标题: 河川含砂浓度全洪程观测与含砂浓度历线推估模式建构(2/2)
Full Runoff River Suspended Sediment Concentration Monitoring and Development of the Sediment Hydrograph Modelling (1/2)
作者: 钟志忠
Chih-Chung Chung
国立交通大学
关键字: 泥砂浓度;时域反射法;泥砂浓度历线;suspended sediment concentration;time domain reflectometry (TDR);sediment concentration hydrograph
公开日期: 2015
摘要: 台湾每逢台风豪雨河川泥砂浓度即迅速飙升,而高浊度之水流往往对下游地区之水资源利用、河道稳定、河中构造物安全与生态系统等产生严重冲击,因此瞭解台洪期间河川泥砂浓度于时间与空间之变化实为重要课题。本计画主要建立以物理概念为基础之台洪期间河川泥砂浓度历线推估架构与方法,并配合时域反射法(Time Domain Reflectometry, TDR)河川泥砂浓度观测资料以利于相关模式之建立、检定与验证。但由目前实务观测经验发现,现场感测器避免杂物干扰与落淤等限制需要克服,此外对于提供河川横断面泥砂浓度量测规划与验证仍须进一步探讨。
Due to the steep topography and week geology conditions of watershed areas in Taiwan, the amount of the suspended sediment yield is increasing during torrential rainfall events. Accessing the continuously temporal and spatial variation of suspended sediment concentration (SSC) in river is essential and urgent for the evaluation and management of the related issues.
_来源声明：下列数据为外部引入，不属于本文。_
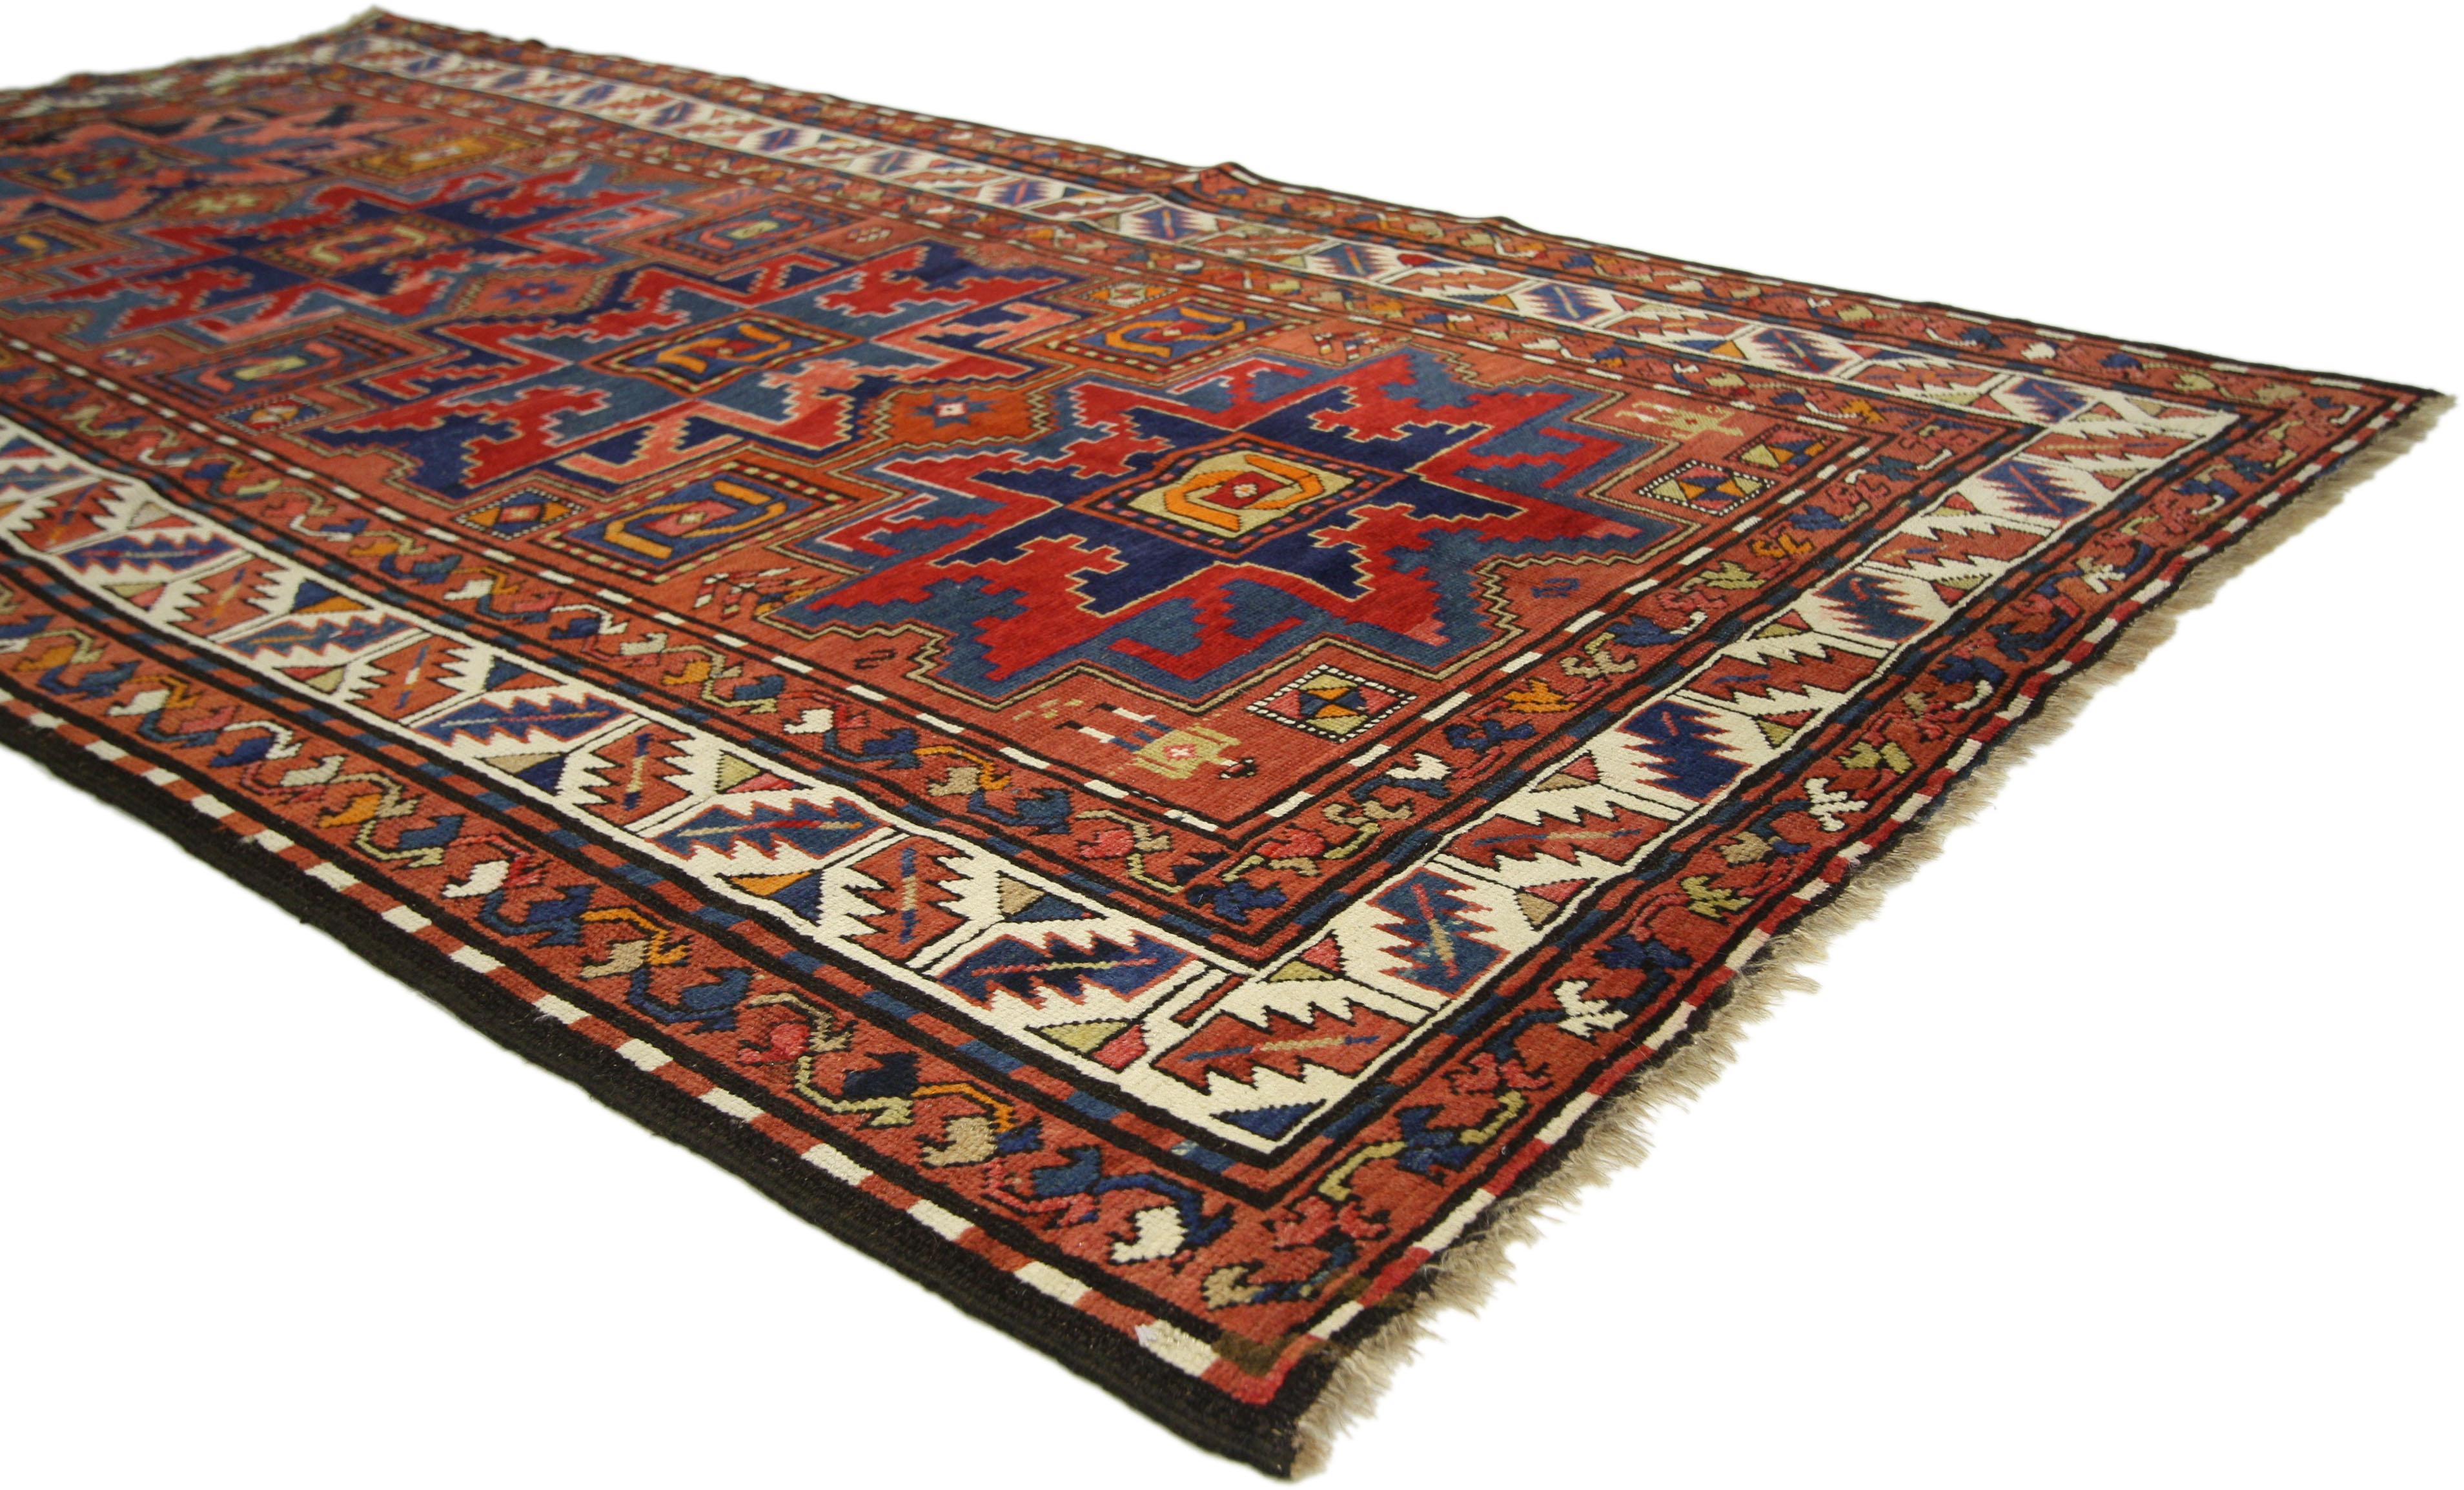 73306 Antiker kaukasischer Kazak-Teppich, 04'04 X 08'07.
Dieser antike russische Kazak-Teppich aus handgeknüpfter Wolle basiert auf traditionellen Mustern aus der Kaukasusregion und zeigt vier Lesghi-Sterne, die von klassischen kaukasischen Motiven

In the traditional way, the total amount of sediment in river is often estimated using the rating curve between sediment load and river flow discharge, which is based on the statistics of observed data. This approach cannot provide the continuous hydrograph of the sediment yield and delivery from watershed during the runoff, especially under the large variation of the rainfall and renovation in field. To solve the limitation, an appropriate model which consider the physical mechanism should be developed to reveal the real time SSC hyetograph or hydrograph in advance under different rainfall or other scenarios. Furthermore, this model should be calibrated and verified with the monitoring SSC data in field. However, the most existing SSC data were observed manually under low flow discharge circumstances, leading large uncertainty in high flow discharge conditions. 
A new suspended sediment concentration (SSC) measurement method based on Time Domain Reflectometry (TDR) technique had been developed since 2006 with the support from Water Resource Agency (WRA). TDR SSC method is not affected by the soil particle size or type, and it is more economical, easy to be maintained, and applicable for high SSC monitoring. The measurement accuracy is updated to 1000 ppm after the field modifications in 2012, also a TDR SSC monitoring information platform was established to provide the real time SSC data of demonstrated stations. But, some practical problems, such as interference of debris and sedimentation in the protection pipe, were still observed in the field monitoring program.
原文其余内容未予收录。